Yang-Jin Kim, Chung Mo Nam, Youn Nam Kim, Eun Hee Choi and Jinheum Kim have a new paper in the Journal of the Korean Statistical Society. This concerns the analysis of tumorigenicity data where a three-state model with states representing tumour-free, with tumour and death is used. The main characteristic of the data is that disease status (presence of tumour) can only be determined at either death or sacrifice - meaning we have data with possible observations: sacrifice without tumour, sacrifice with tumour, death without tumour and death with tumour.
Note that while the time of the tumour is always interval censored, if the mouse dies before sacrifice this death time is taken to be known exactly.
Kim et al extend the model proposed by Lindsey and Ryan (1993, Applied Statistics) by allowing a shared-frailty term that affects both tumour onset rate and the hazard of death given the presence of a tumour. Like Lindsey and Ryan, piecewise constant intensities are used to model the baseline intensities, with a Cox proportional hazards model for the effect of covariates. The same baseline hazard is used for pre- and post-tumour hazard of death, with the presence of tumour changing the effect of covariates. For some reason the introduction talks about n^{1/3} convergence rates of the non-parametric survival distribution for current status data.
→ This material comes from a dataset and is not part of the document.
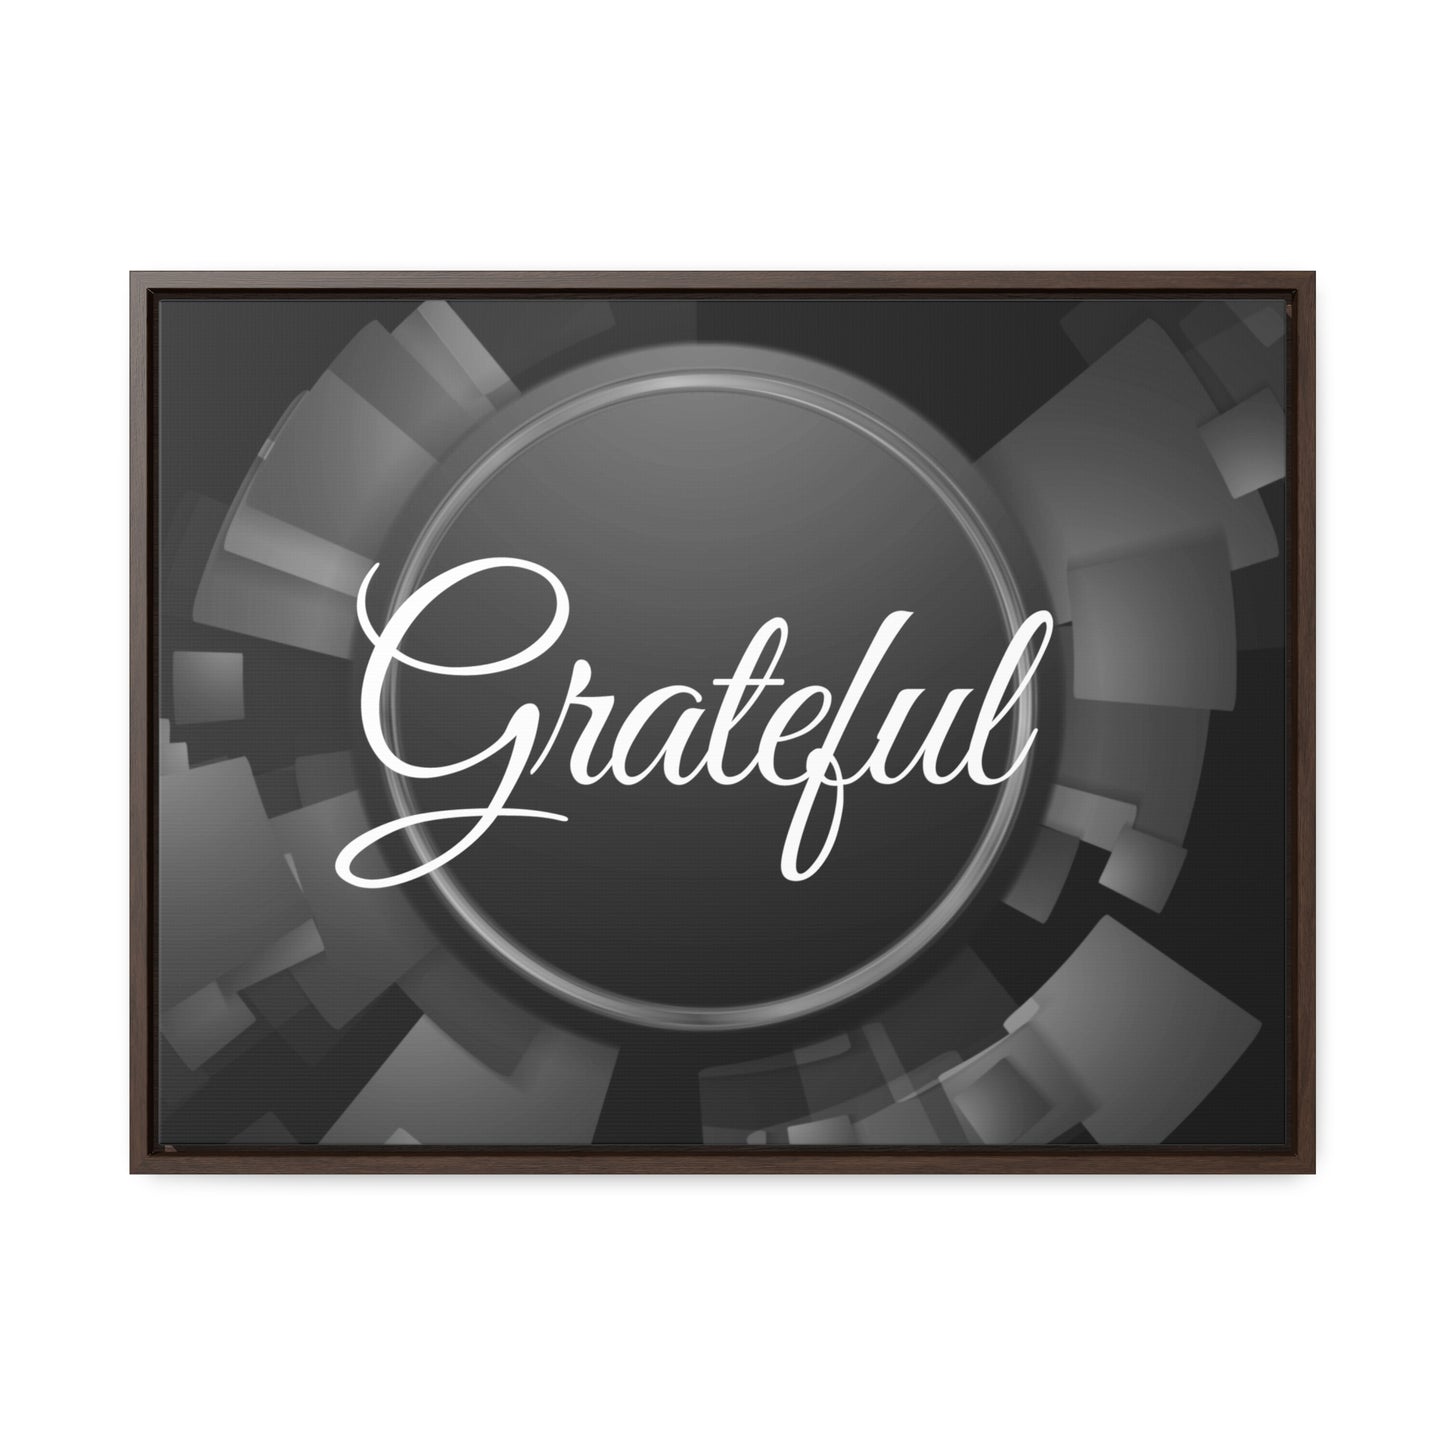 Christian Wall Art: Grateful (Floating Frame)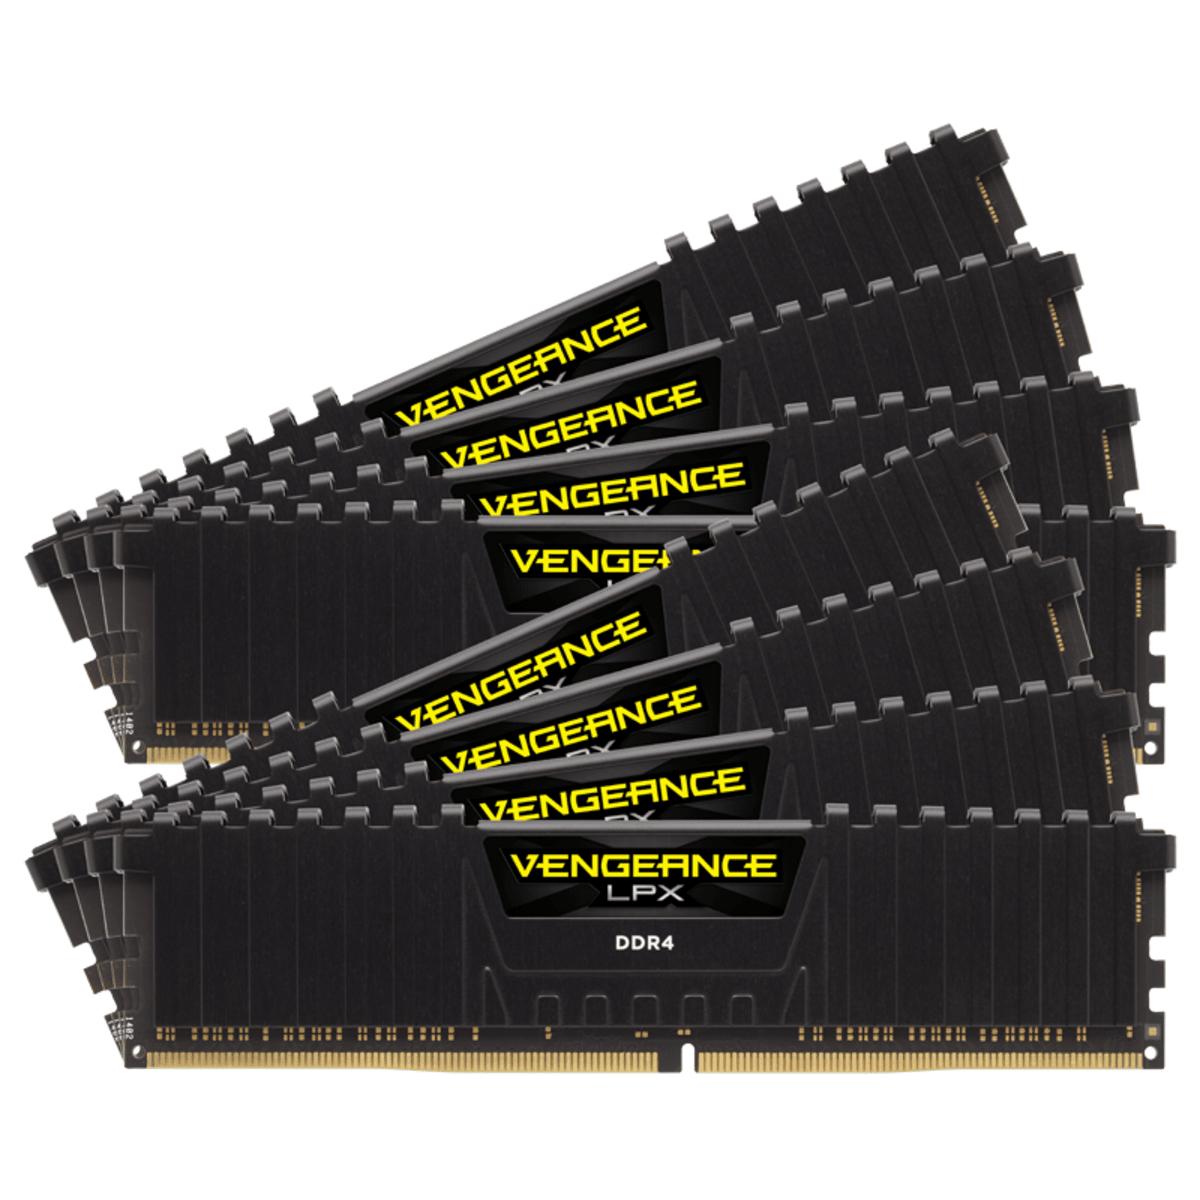 GB CORSAIR 256 8x32GB,1,35V,VengLPX DDR4 bk Speicher-Kit

This doesn't seem relevant here given that the piecewise constant intensities model is parametric.
An EM algorithm is used to maximize the likelihood. Gauss-Hermite quadrature is required to perform the M-step due to the presence of the frailty terms. The authors appear to be basing standard error estimates on the complete data (rather than observed data) likelihood.
The new model is applied to the same data as used in Lindsey and Ryan. In addition, in a simulation it is shown that there is some reduction in bias compared to Lindsey and Ryan's method is the proposed model is correctly specified.